My hair literally just soaks up whatever I put in it, so it often looks and feels dry. And I drink plenty of water and watch what I eat (well, most of the time). My ends often look scraggly. I can never really think of what to do with it; I have a very limited repertoire of hairstyles. As creative as I am when it comes to writing books, none of that translates to hair styling (probably a good thing I didn't continue with my cosmetology career, huh? Though natural hair wasn't nearly as big back then as it is now). Just about every time I try something new, it never works and I end up going back to my fallback afro-puff. But my biggest issue with my hair is, it just seems like it WON'T FREAKIN' GROW! (Or it just seems like it isn't). This can be incredibly, incredibly frustrating to someone who actually wants their hair to get longer.

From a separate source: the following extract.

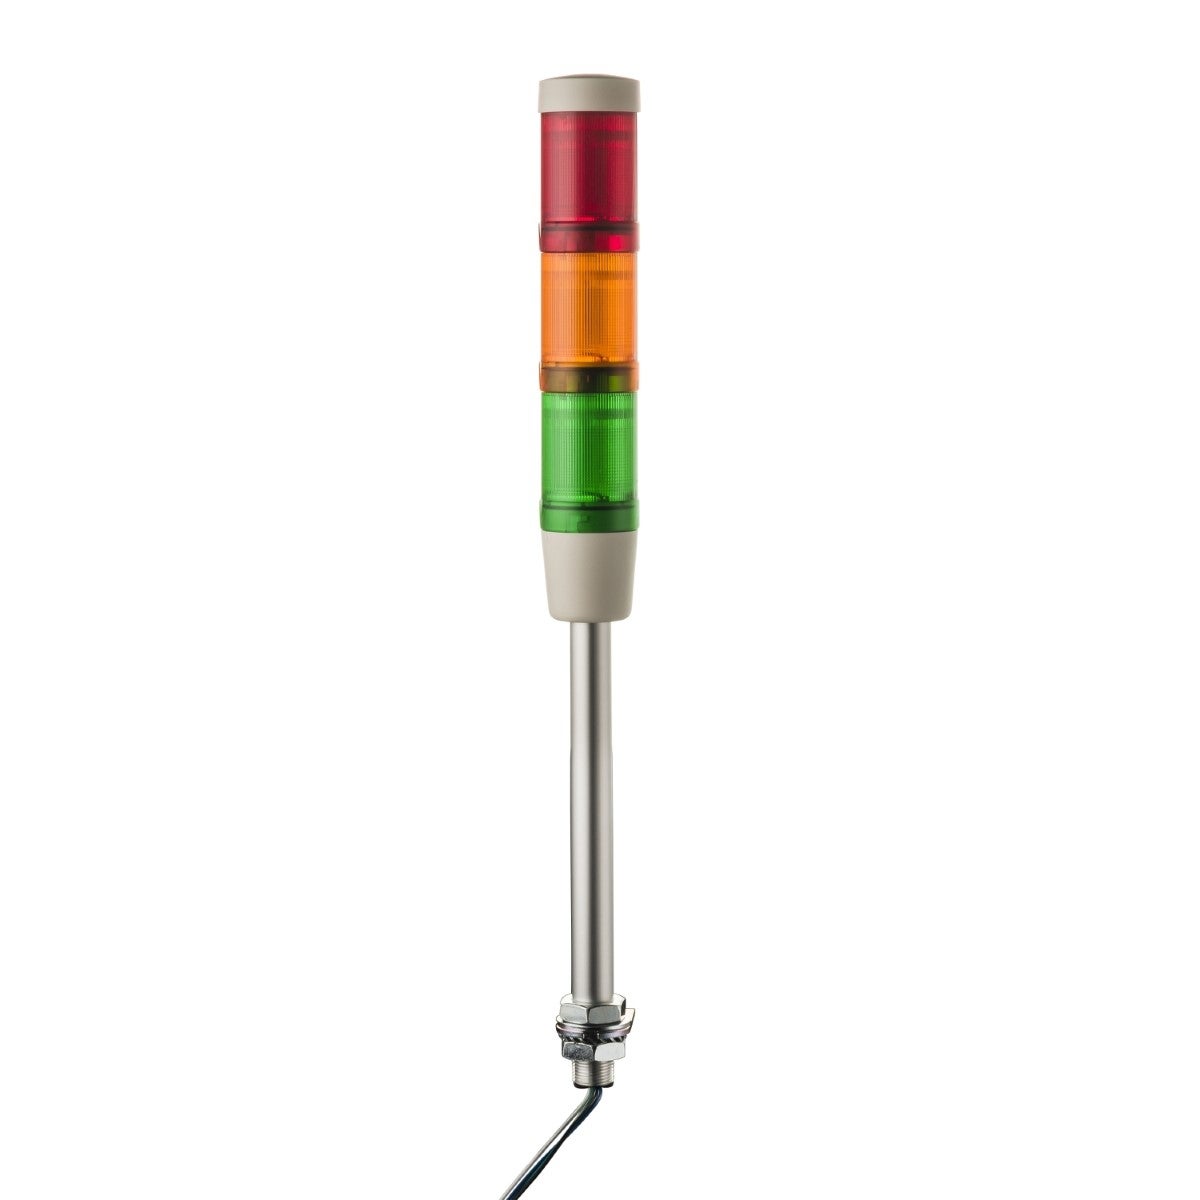 Harmony XVM, Modular tower lights, aluminium, red/orange/green, Ø45, steady, super bright LED, 24 V AC/DC

So...back to why I'm so frustrated on this particular evening. I had wanted some more kinky twists last week but wasn't able to get them. I had been watching several YT videos on doing your own twists and figured, hey, this doesn't look so difficult...I have four packs of hair in my trunk...I'll try it! If I manage to pull it off, it will save me a ton of money 'cause I'll be able to put them in whenever I want to and it'll only cost me about twenty bucks (as opposed to the hundred that I usually pay). Well, I wanted to wash and deep condition my hair first, but that got scratched when it was after nine by the time I finished working out and cooking dinner. So I opted to just blow it out first instead, which is something I never do. Not good. Then I began trying to practice the technique I had seen on the multiple videos I had watched. I managed to get one twist done, though I had to redo it 'cause half of it looked like crap. I tried it again a couple more times and then threw the hair down in frustration. I didn't expect to get it perfectly right on the first try, but I figured my cosmetology background would kick in and I'd get the hang of it after a couple of tries. Well, I didn't. I ended up just putting it in four big two-strand twists and banding it, like I usually do. Ho-hum.

Sooo....there it is. I hate my hair right now. And I felt the need to sit up for an hour blogging about it.